ARCA biopharma, Inc. (Nasdaq: ABIO), a biopharmaceutical company applying a precision medicine approach to developing genetically targeted therapies for cardiovascular diseases, today announced the U.S. Food and Drug Administration (FDA) has approved the Investigational New Drug (IND) application for AB201 (rNAPc2) as a potential treatment for patients hospitalized with COVID-19. ARCA anticipates initiating a Phase 2b/3 sequential clinical trial, ASPEN-COVID-19, of AB201 in approximately 100 patients hospitalized with COVID-19 in the fourth quarter of this year, with Phase 2b followed by a contiguous Phase 3 study that is dependent on Phase 2 results. The Company anticipates topline data from the trial in the second quarter of 2021.

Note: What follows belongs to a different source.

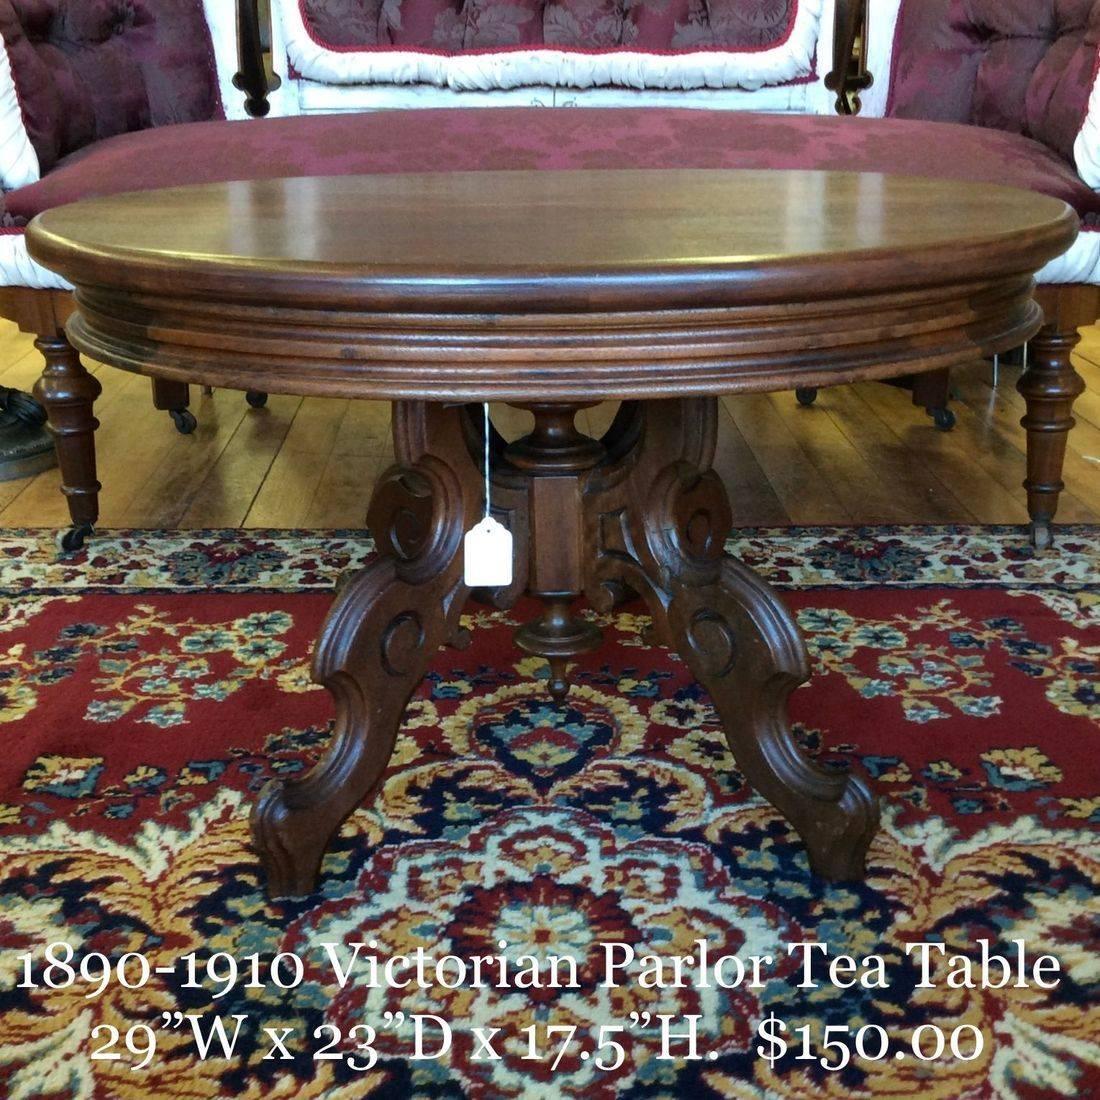 "1890-1910 Victorian Parlor Tea Table 29""L x 23""W x  17-1/2"" H.   $150.00"
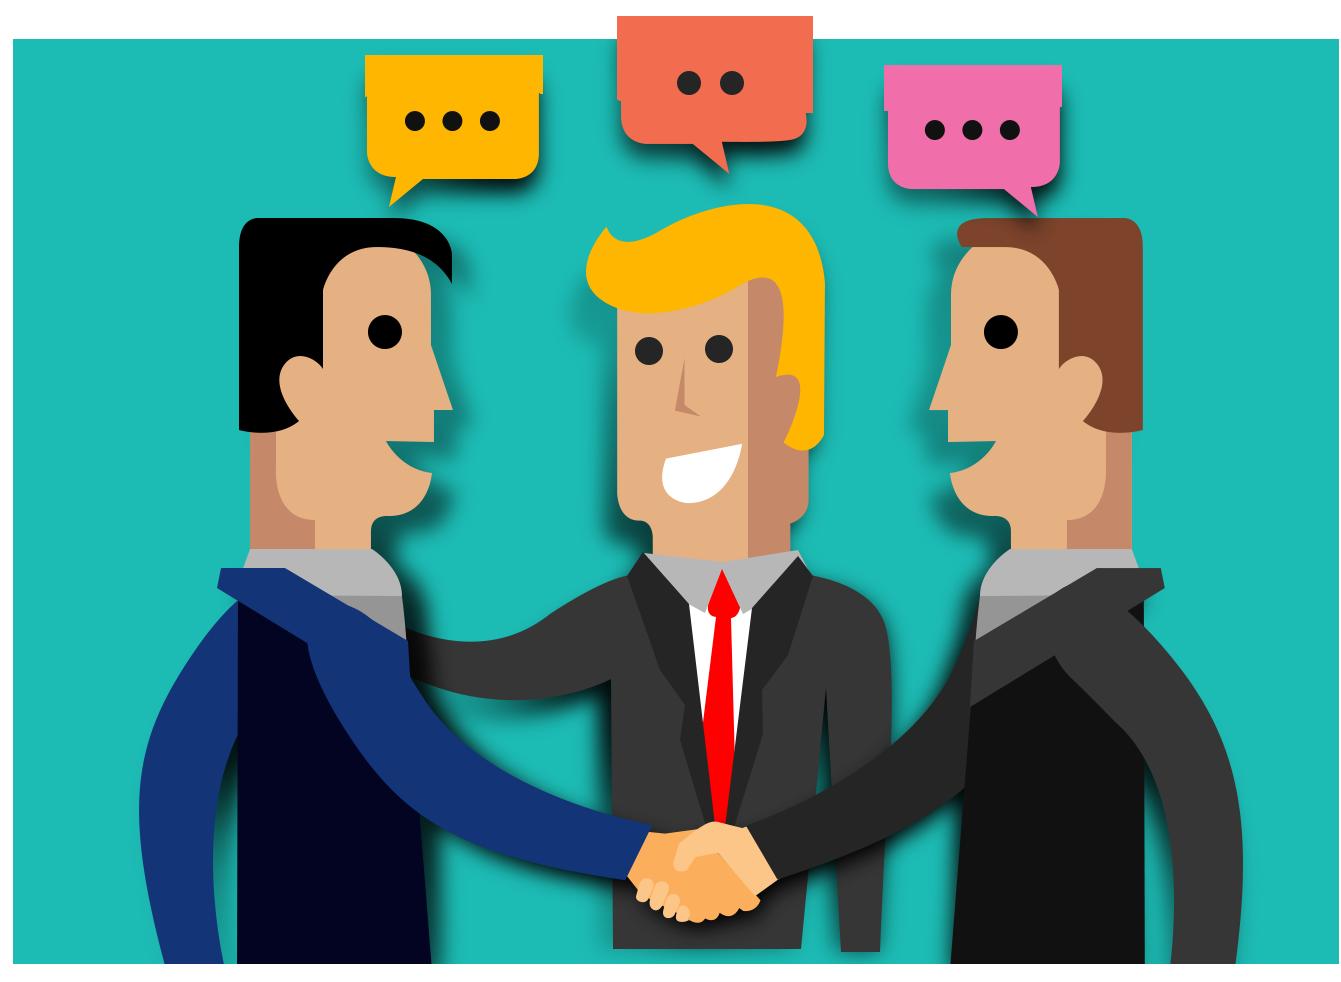 Conversation clipart design. Social media graphic clip

The planned Phase 2b trial is anticipated to be a randomized comparison of two dose regimens of AB201 versus heparin prescribed per local standard of care. The clinical course of some patients with COVID-19 is complicated by a virus-triggered coagulopathy that includes thrombotic events and inflammatory processes, thought to be mediated in part by tissue factor production. AB201 is a potent tissue factor inhibitor anticoagulant with anti-inflammatory and antiviral properties. The primary endpoint of the trial will be change in D-dimer level from baseline to Day 8. D-dimer is a biomarker commonly used for assessing coagulation activation, which is elevated in approximately 50% of hospitalized COVID-19 patients and is directly associated with adverse clinical outcomes. If Phase 2b indicates a favorable effect on D-dimer levels, following FDA review of the data and identification of the proposed Phase 3 AB201 dose, the Company anticipates that clinical investigative sites will begin enrolling in the planned Phase 3 clinical trial. The primary endpoint of Phase 3 will be clinical recovery as measured by the Adaptive COVID-19 Treatment Trial (ACTT-1) ordinal scale, with secondary endpoints that include D-dimer levels and the number of thrombotic events. Phase 3 will be event driven, with an estimated requirement of 450 patients. The Phase 2b and Phase 3 trials are described in a common protocol and use identical entry criteria and the same heparin regimen control.
Dr. Michael Bristow, ARCA’s President and Chief Executive Officer, who is also an American Heart Association (AHA) funded COVID-19 investigator, commented, "The ASPEN-COVID-19 trial will use the coagulopathy biomarker D-dimer to identify an optimal dose from AB201 regimens that are both within the therapeutic range as determined from Phase 2 trials investigating cardiovascular thrombosis prophylaxis. If successful, we anticipate using this dose in a planned Phase 3 trial to evaluate potential improvement in clinical outcomes. We believe that the combination of anticoagulant, anti-inflammatory and antiviral effects of AB201 may favorably impact clinical recovery of patients hospitalized with COVID-19."
The trial is being managed in collaboration with the Colorado Prevention Center (CPC), the University of Colorado's Academic Research Organization with extensive experience in managing vascular and anticoagulation clinical trials.
Marc Bonaca, MD, Executive Director of CPC, commented: “The ASPEN-COVID-19 trial will enable us to step beyond the question of intensity of anticoagulation and ask the question of whether specifically targeting tissue factor, a key step in the extrinsic pathway of anticoagulation and a key part of viral pathogenesis, improves outcomes in COVID-19. Dosing and safety are critical, and the Phase 2 trial will enable selection of a dose for safety, coagulopathy, and anti-viral parameters for use in a planned Phase 3 clinical trial. This selected dose will be deployed in the proposed Phase 3 pivotal outcomes study with the hope of translation to the clinical setting. We believe this therapy holds promise to improve outcomes in the current pandemic and given the positive findings in an Ebola animal model, has the potential for broader application in other severe viral infections characterized by coagulopathy.”